Editorial

Tough road ahead

  • Not all smooth sailing even as elections seem primed to be held on schedule

Aug 31, 2017-The Cabinet has now decided to hold federal and provincial elections in two phases, on November 26 and December 7. Meanwhile, preparations for the third phase of local elections, scheduled for September 18, are also well underway. It is now almost certain that elections to all three tiers of government will be completed by the constitutional deadline of January 21, 2018, thus helping to avert a constitutional legitimacy crisis.  

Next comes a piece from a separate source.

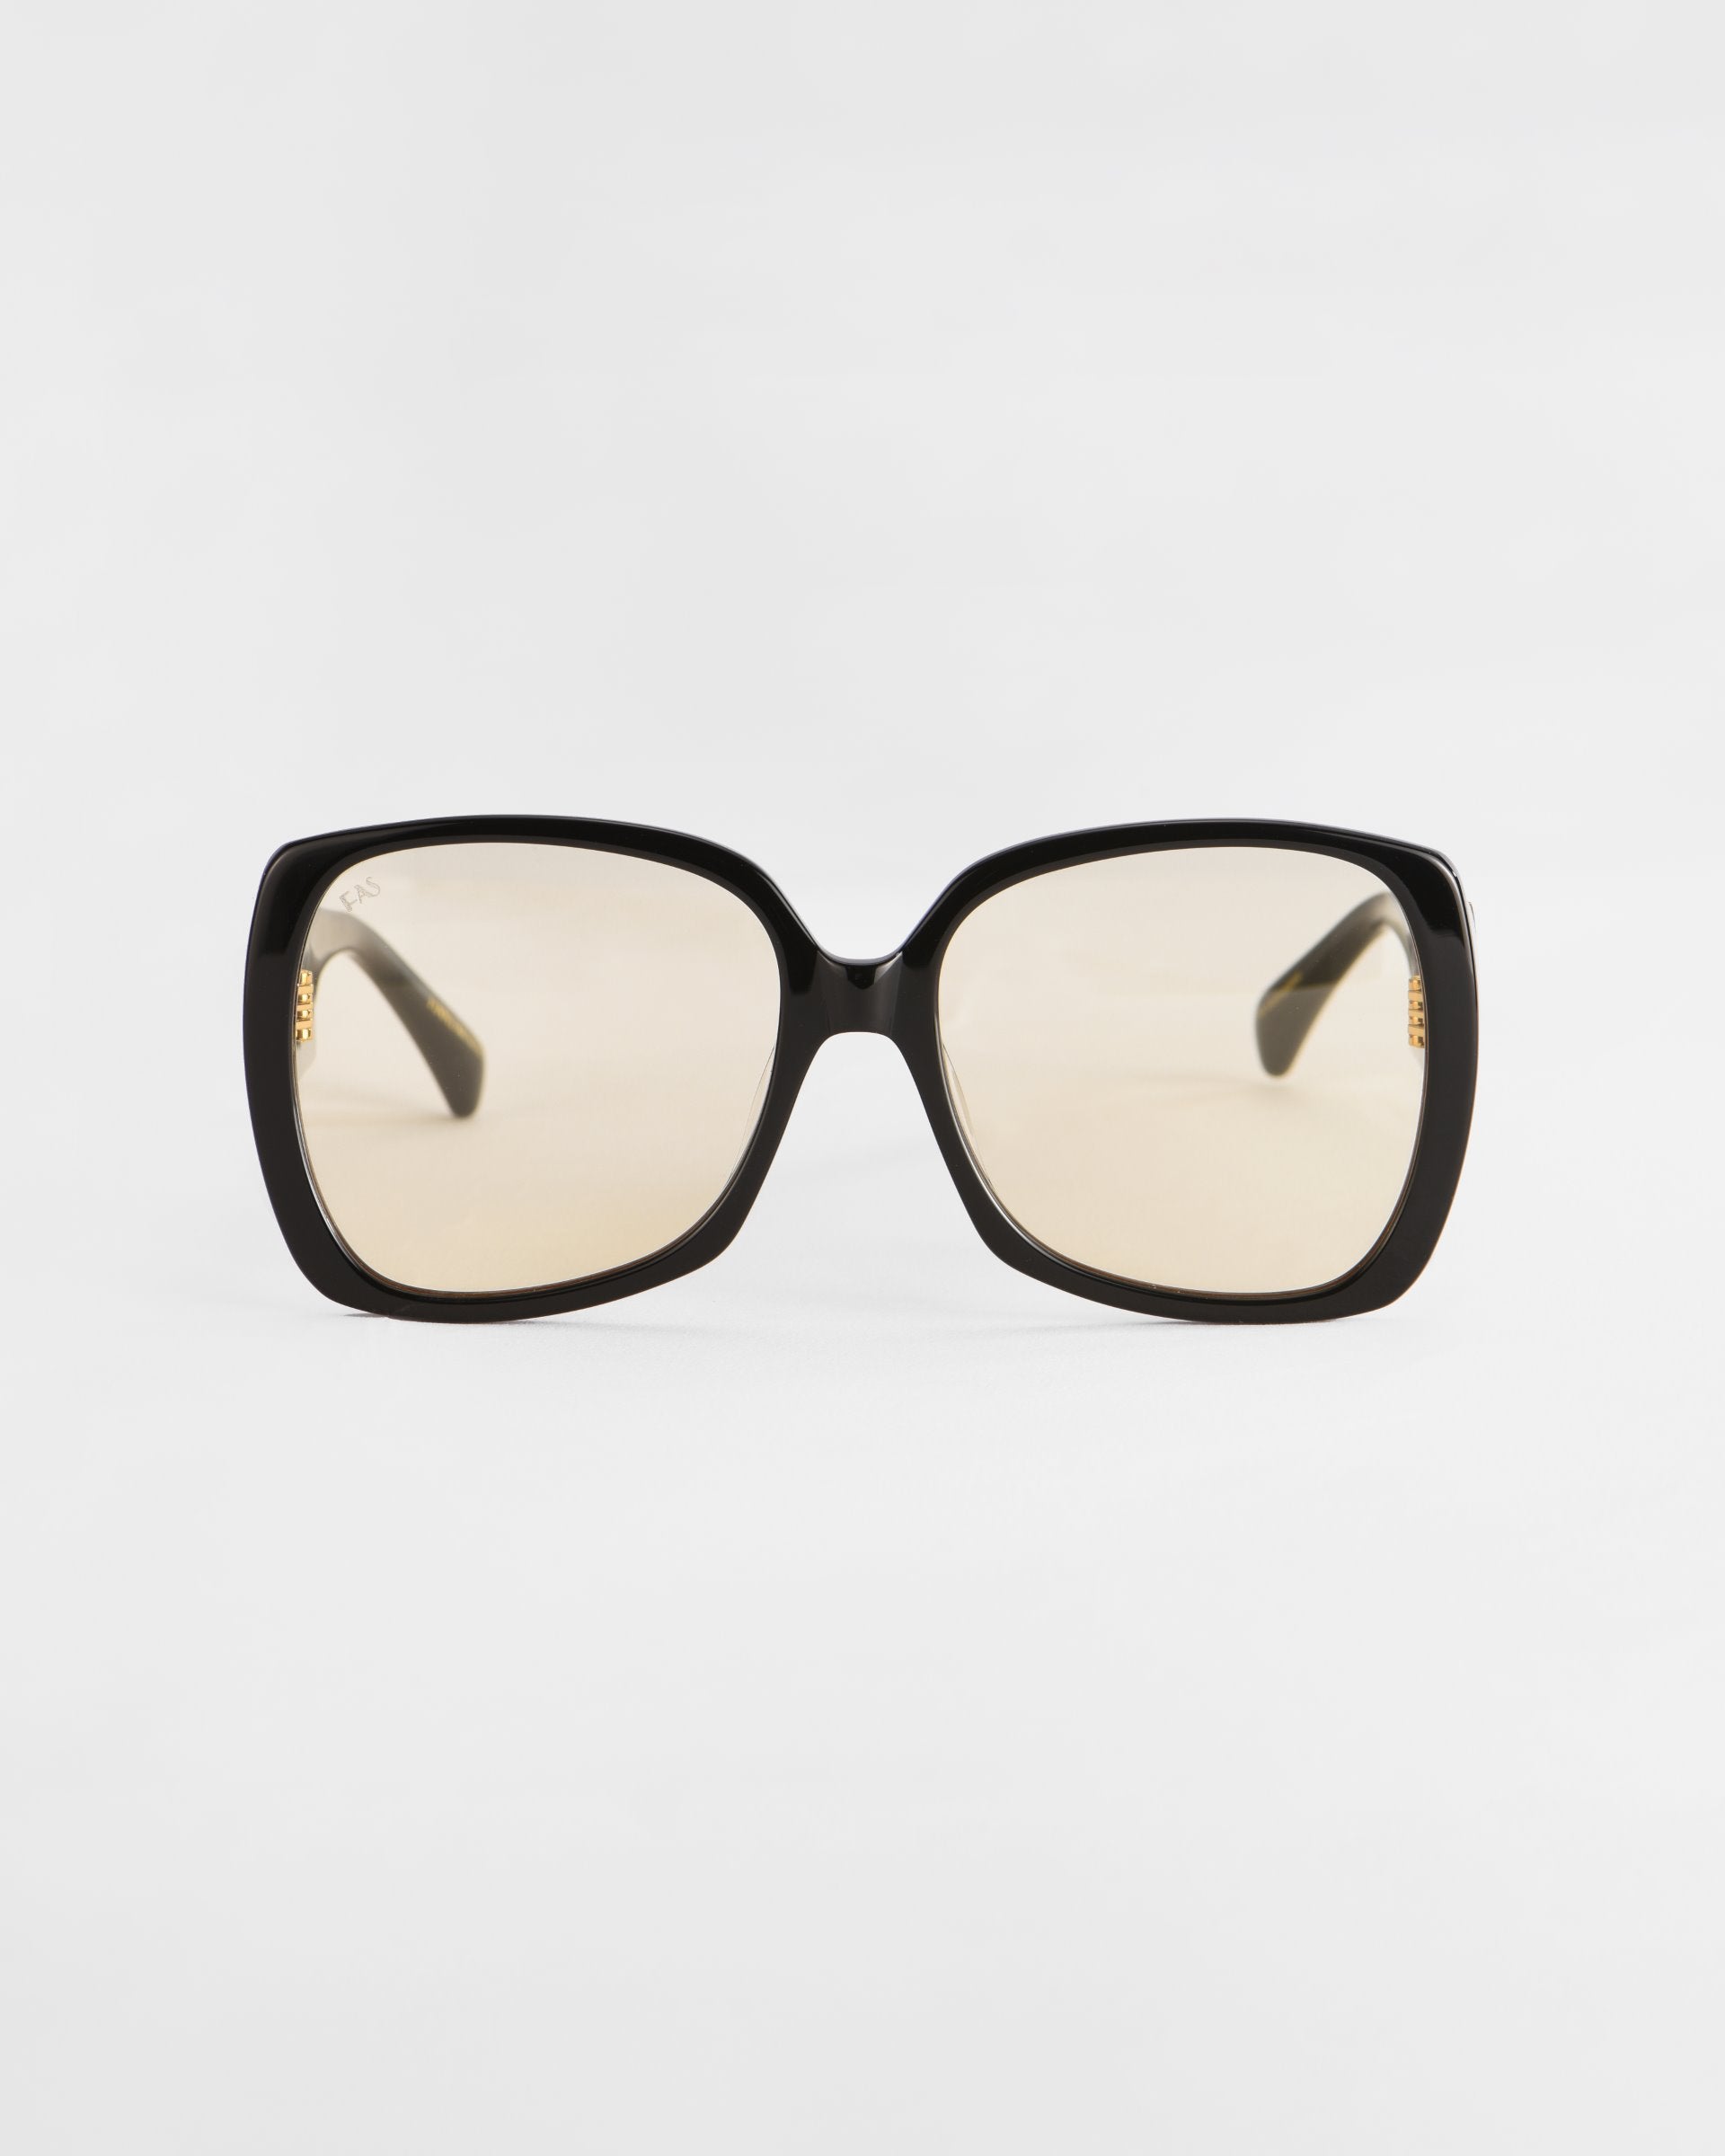 A pair of oversized, square-shaped Odyssey sunglasses with black frames and lightweight nylon lenses from For Art&#39;s Sake® is centered against a white background. The design is simple and sleek, emphasizing the eyewear&#39;s fashion-forward and contemporary style.
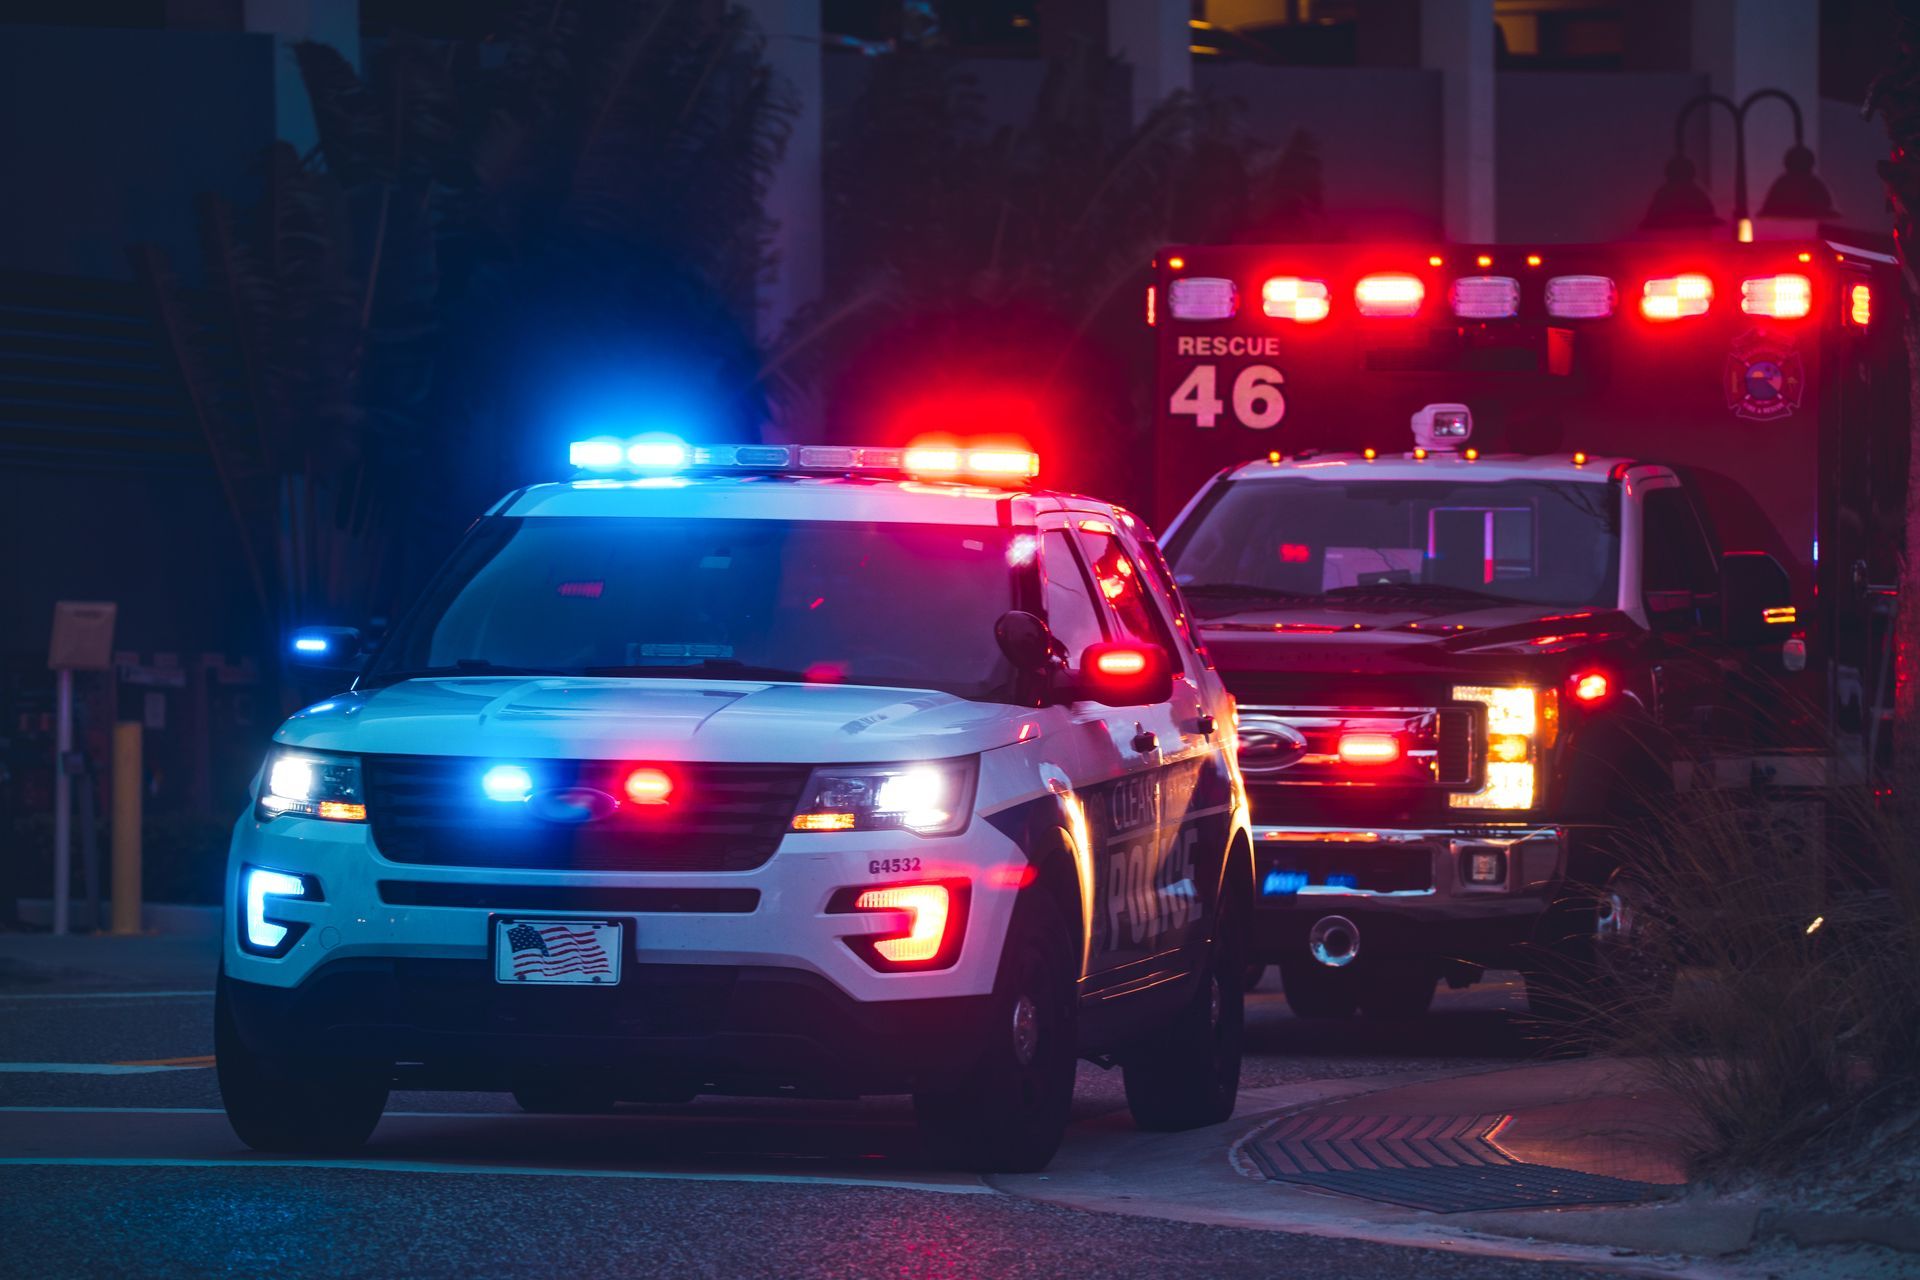 American Police Car and Emergency truck with Blue and red lights

Now there seem to be no political obstacles to hold successful polls. The Rastriya Janata Party- Nepal (RJP-N) has decided to participate in local elections and has begun campaigning, even though the amendment bill they supported failed to pass in Parliament. The party has also said that it will participate in provincial and federal elections. There do not appear to be any other political obstacles from any other parts of the country. Three major parties also appear to be committed to holding elections on time. Prime Minister Sher Bahadur Deuba seems to be particularly keen to complete the electoral process during his tenure; Deuba is keenly aware that he was strongly criticised for failing to hold elections the last time he was the prime minister. He hopes to bolster his legacy by holding all elections on time. The Election Commission (EC) was worried that it would not be able to complete preparations for the federal and provincial elections if the polls were held on a single day, as the government initially planned to do. However, the government decided to hold elections in two phases at the Commission’s urging; now it seems as though the EC can complete polls satisfactorily and on time.

Nonetheless, there are still a number of issues that need to be addressed. The Constituency Delineation Commission (CDC) has now completed its work, and the final report was published  yesterday. We hope that the report produced by the CDC is not biased in favour of any parties or groups. In addition, Parliament is yet to pass crucial legislation regarding provincial and federal elections. The government should make strong efforts to resolve disagreements and put these bills to a vote as soon as possible.

Elections have never been held on time, but have been subjected to repeated postponements since the peace process began in 2006. If the government manages to hold all three elections by December, it will be a major accomplishment indeed. However, it is also clear that elections by themselves will not resolve all political disagreements. The issue of revising federal boundaries is likely to come up again in the future. In addition, there will likely be other disputes over the implementation of the constitution. The success of the new federal structure will be determined by how well Nepal’s political leaders address these issues in a way that is inclusive and has the consent of all sections of Nepal’s population.